Stop trying so hard; stop expecting attention, and approval, and just use what you have.

You might not value what you have. You might sound like Moses arguing with God:

"But I can’t speak well. . . I’m no good with crowds. . . I can’t. . . I don’t. . . I, I, I ".

God asked the reluctant Moses what he had in his hand.

A humble shepherds staff.

God said, fine. We'’ll use that. It's ENOUGH for God.

Whatever you have,

it is sufficient for you to be used by God in great and mighty ways.

You just need to feel comfortable in your own skin.

Stop looking around with sad eyes at everyone else, and look at what you have in your very own hand, and if it’s just a humble shepherd’s staff to you. Well, okay fine. It’s enough. It’s yours. It works. Grip it. Use it. See the results. Embrace what you have and use that. Don't embrace what you don't have and make yourself feel sad.

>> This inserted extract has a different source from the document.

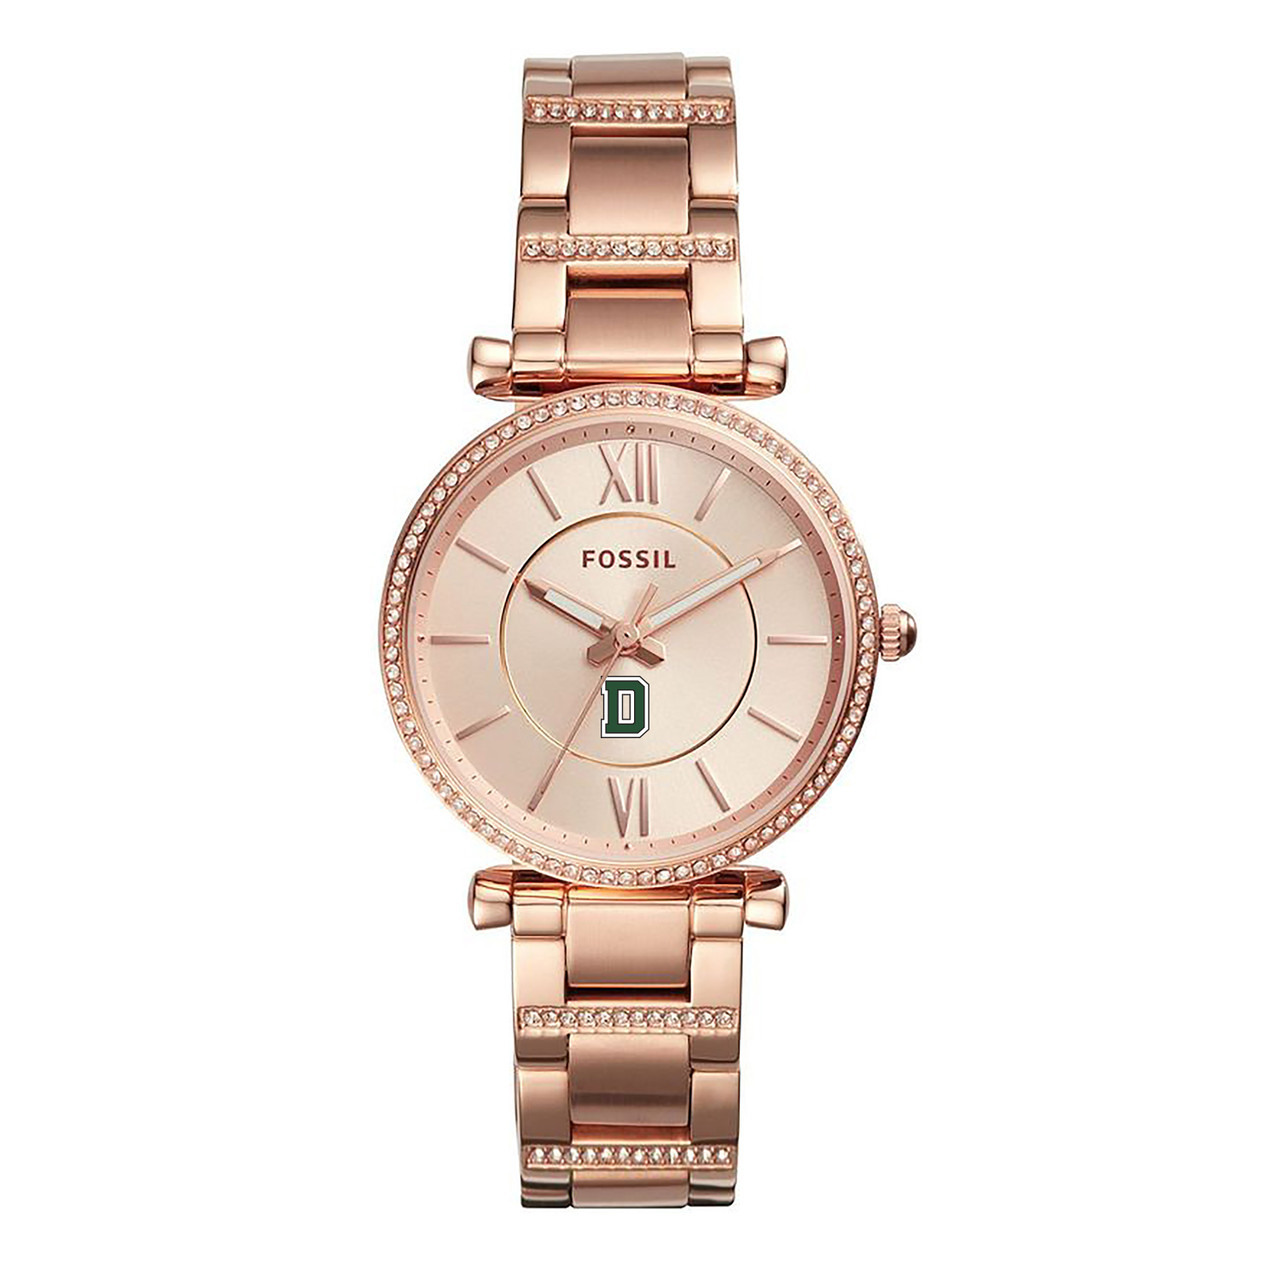 Fossil Jacqueline Watch - Women's Watches in Gold Teal | Buckle
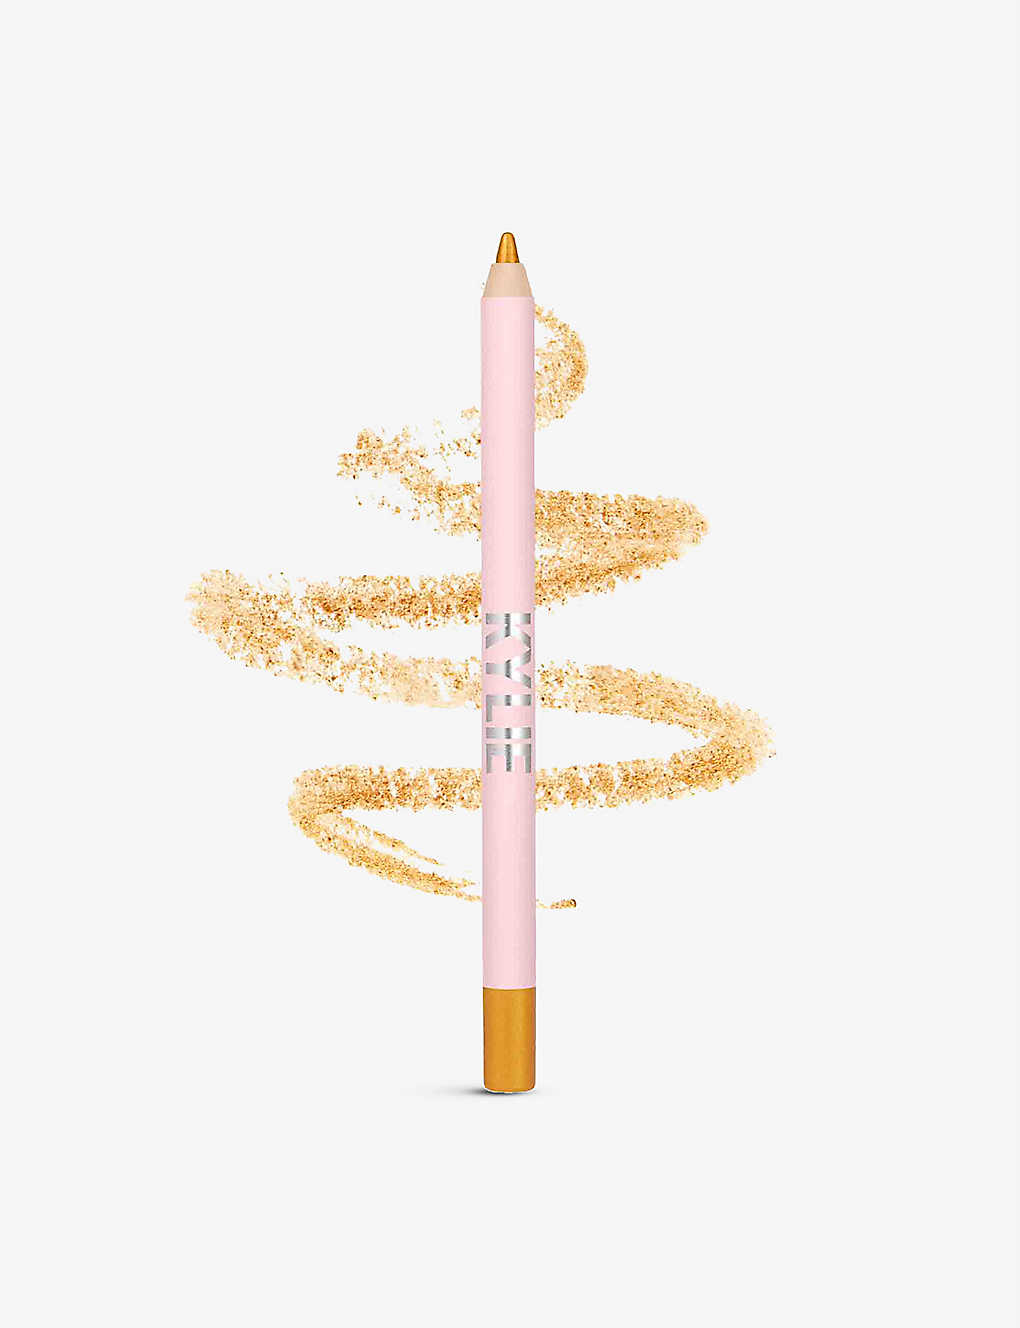 Kylie Cosmetics Kyliner Gel Pencil in Shimmery Gold

Stop putting your focus on what you lack, and put your focus on what you have, and exploit that.

“I tell you what, public opinion is a weak tyrant compared with our own private opinion.

"What a man thinks of himself, that it is which determines, or rather indicates, his fate." ”Henry David Thoreau (1817-1862)

Perhaps it is just maturity and growing up, that only comes with time, to learn to just be who you are, and work on improving you, and not waste too much energy twisting and contorting yourself trying to conform.

Laughing with other people. . . people finding you attractive. . . and giving you attention, are NOT proper goals. Those are actually effects. They are the side effects of confident people out seeking other goals, but sharing some time together. Don't chase effects.

Chasing the effects, will only guarantee that you enjoy few of them, if ever. The irony is that you are likely to only find these things if you forget about them, and they begin to happen naturally as you pursue goals of more substance.

Life can be fine, and you can still be a success, without ever attracting and impressing anyone.

But I think you will begin to “attract and impress people” – - when you have a worthy goal, and they see you making progress and living it.